The Devils plated another run in the sixth, and once again Raoul Torrez was involved. Marcel Champagnie started the rally with a walk after Kiel Roling was picked off first base for the second out of the inning. Jake Elmore followed with a walk that chased Bibona from the game. Reliever Kyle Necke faced just one batter and it was Torrez. Torrez single back up the middle plated Champagnie and put ASU ahead 4-1.

With Leake in control of the game, the Devils blew open the game in the seventh inning. Irvine began to get away from their winning formula, good defense and pitching.

"When we put pressure on the other team, I think good things happen. We have the capability of doing that," said Murphy.

Irvine leftfielder Brock Bardeen dropped a routine fly ball off the bat of Jason Kipnis, starting the Devils' rally and was just a sign of things to come for the Anteaters. Ike Davis quickly followed the error with his fourth hit of the day to score Kipnis.

Brett Wallace would then reach on an error by shortstop Ben Orloff sending Davis to third. Petey Paramore singled to score Davis and after Roling was hit by a pitch, Champagnie chopped a single over the third baseman's head to score two more ASU runs and made the score 8-1.

Roling and Champagnie would add RBI singles in the 8th to cap the scoring for the Devils and put them in front 11-1.

"I think Kiel is getting a bit more confident, he has a ways to go but he is getting more confident," said Murphy, "If you play every day you get more experience and things either start coming for you or you melt down and I think he is taking the road of swinging it good."

Roling finished 3-4 with an RBI on the day and has seemed to bounce back over the weekend, after struggling to start the season.

Leake was back out on the mound for the ninth, trying for his first complete game of the season. The sophomore right-hander gave up a one-out single to pinch hitter Sammy Donabedian and after striking out Mike Pugliese, Anteater designated hitter sent a 0-2 pitch deep over the left field fence for a two run homer. Leake bounced back and struck out Eric Deragisch to end the ball game and to pick up his fifth victory of the season.

Davis finished the day 4-5 with three RBIs. Marcel Champagnie was 3-4 with three RBIs and Paramore and Torrez each finished with two hits, along with Roling.

The Devils now head into Pac-10 play at 22-1, but Murphy still sees areas of improvement, mainly on the base paths and cutting down on strikeouts.

"I don't think we are as ready as we can be," said Murphy, "I think there are so many areas we can be better at. It looks like we are great. You play most of your games at home, we did play a great schedule, there is nobody playing a better non-league schedule, but we haven't been challenged that much as terms of adversity, off the field we have, on the field we'll face some more adversity."

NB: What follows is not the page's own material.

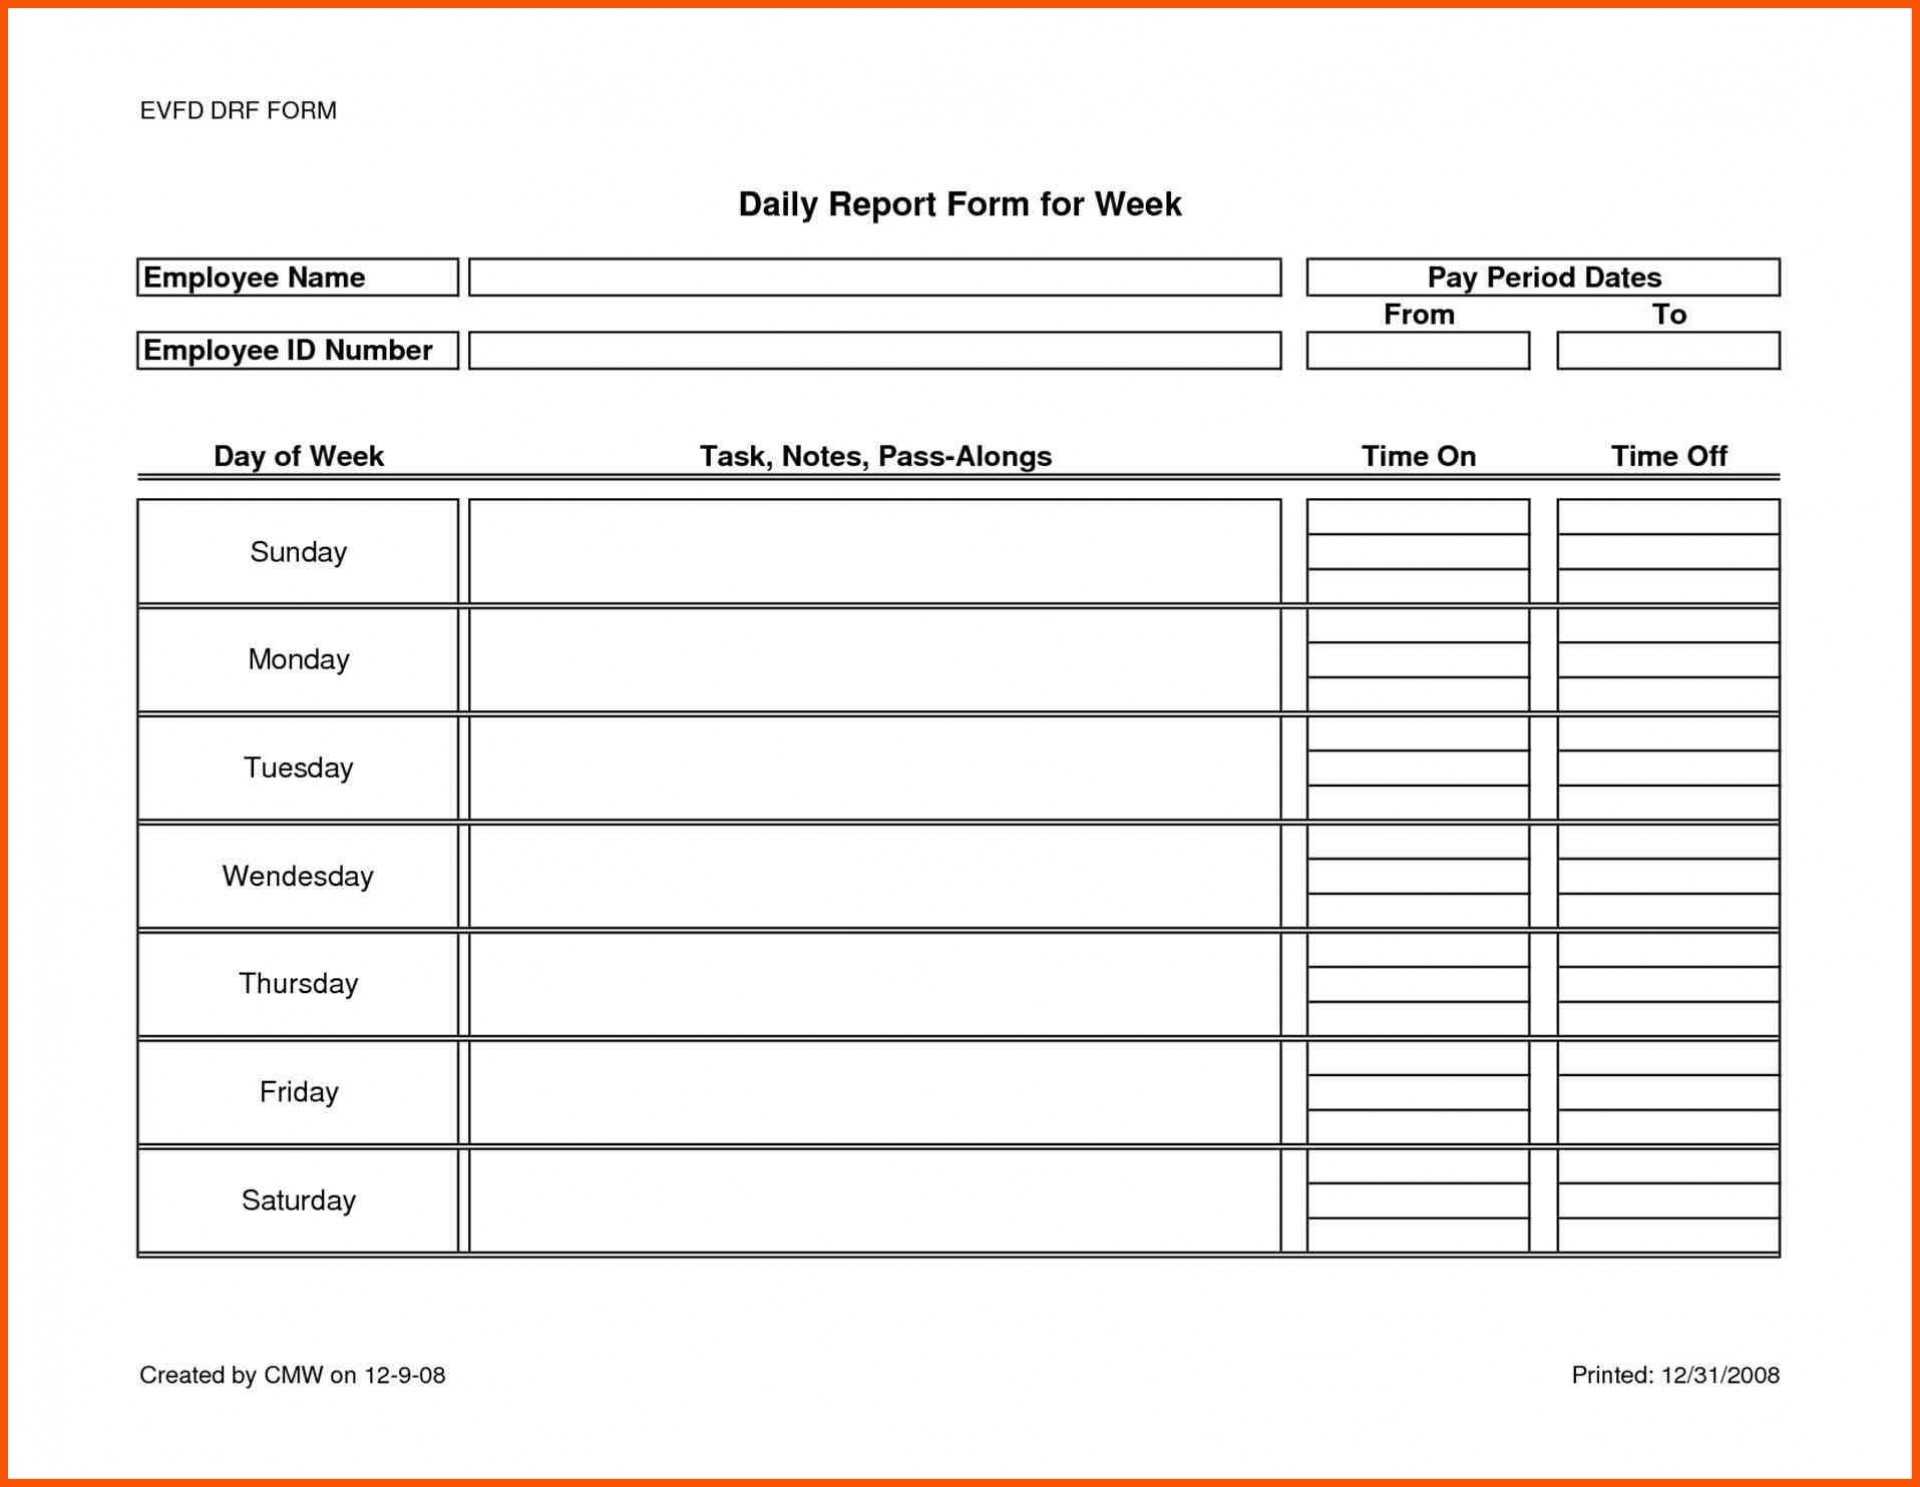 004 Daily Activity Report Template Weekly Fantastic Ideas Intended For Daily Activity Report Template

The Devils will return to action on Friday when they host the USC Trojans at Packard Stadium for a three game series. The Trojans already have one Pac-10 series under their belts, taking two of three from another conference contender, the Arizona Wildcats.

"We're the most inexperienced team in the Pac 10, no teams has only four starters returning. There are only two teams that don't have seven returning starters or more coming back. We have the least experienced team coming back and we're favored. That's what is crazy about it," said Murphy.